§ **Data listing**:
-------------------------

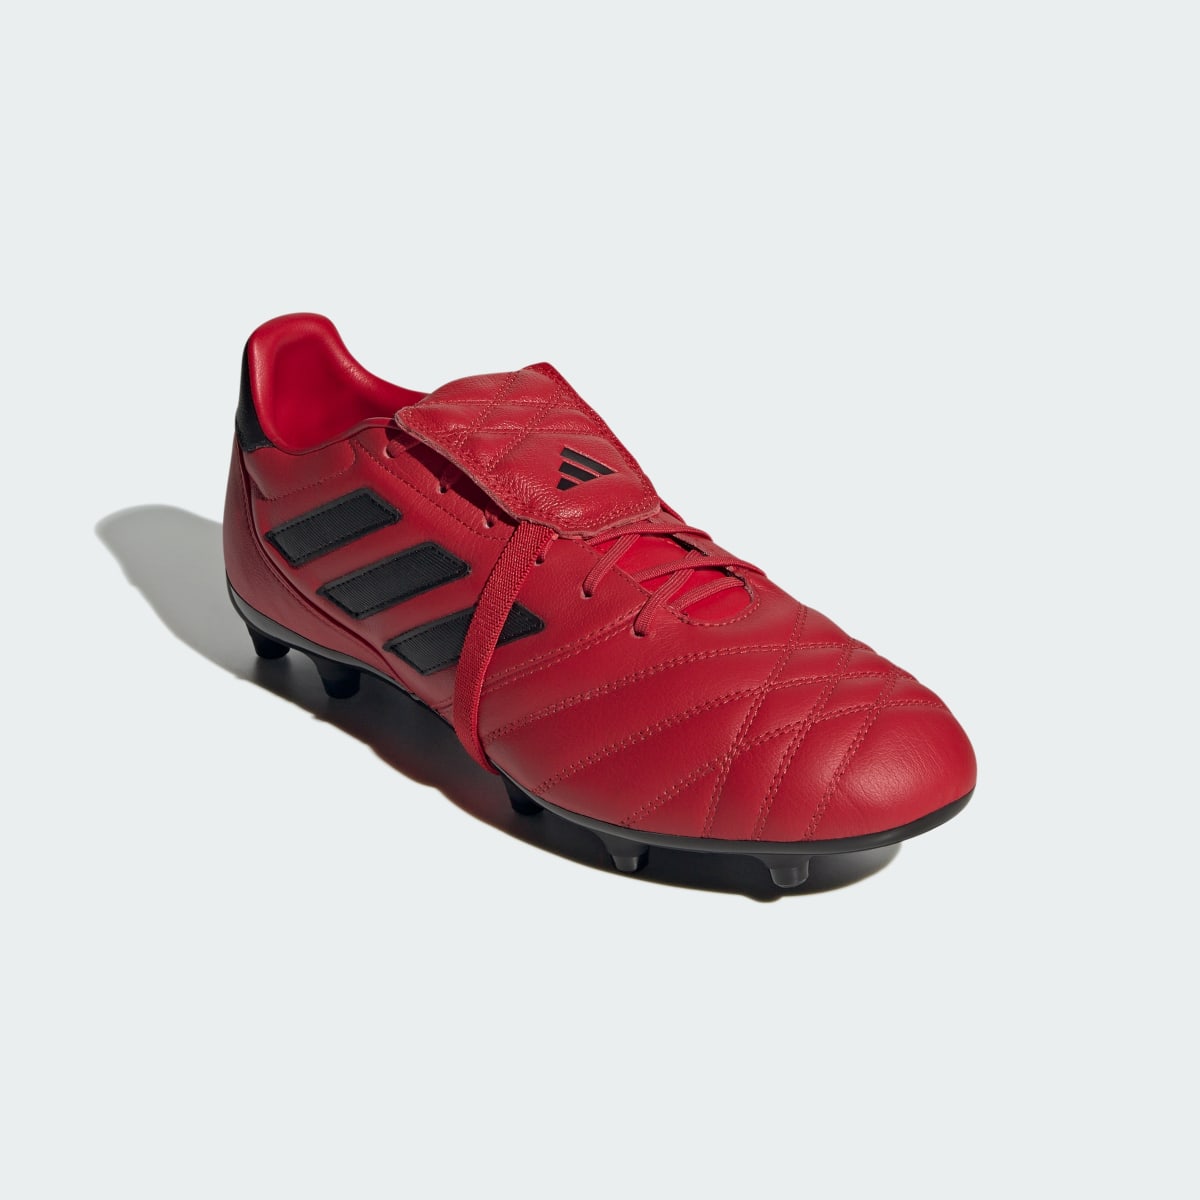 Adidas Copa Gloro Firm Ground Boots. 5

-------------------------

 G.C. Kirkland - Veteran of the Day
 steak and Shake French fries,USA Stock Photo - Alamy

-------------------------

§ **Exercise directions**:
Starting at the line that has "G.C. Kirkland - Veteran of the Day" in the records above, restate word for word every line until the one that has "steak and Shake", and include that one as well.

§ **Response below**:
 G.C. Kirkland - Veteran of the Day
 steak and Shake French fries,USA Stock Photo - Alamy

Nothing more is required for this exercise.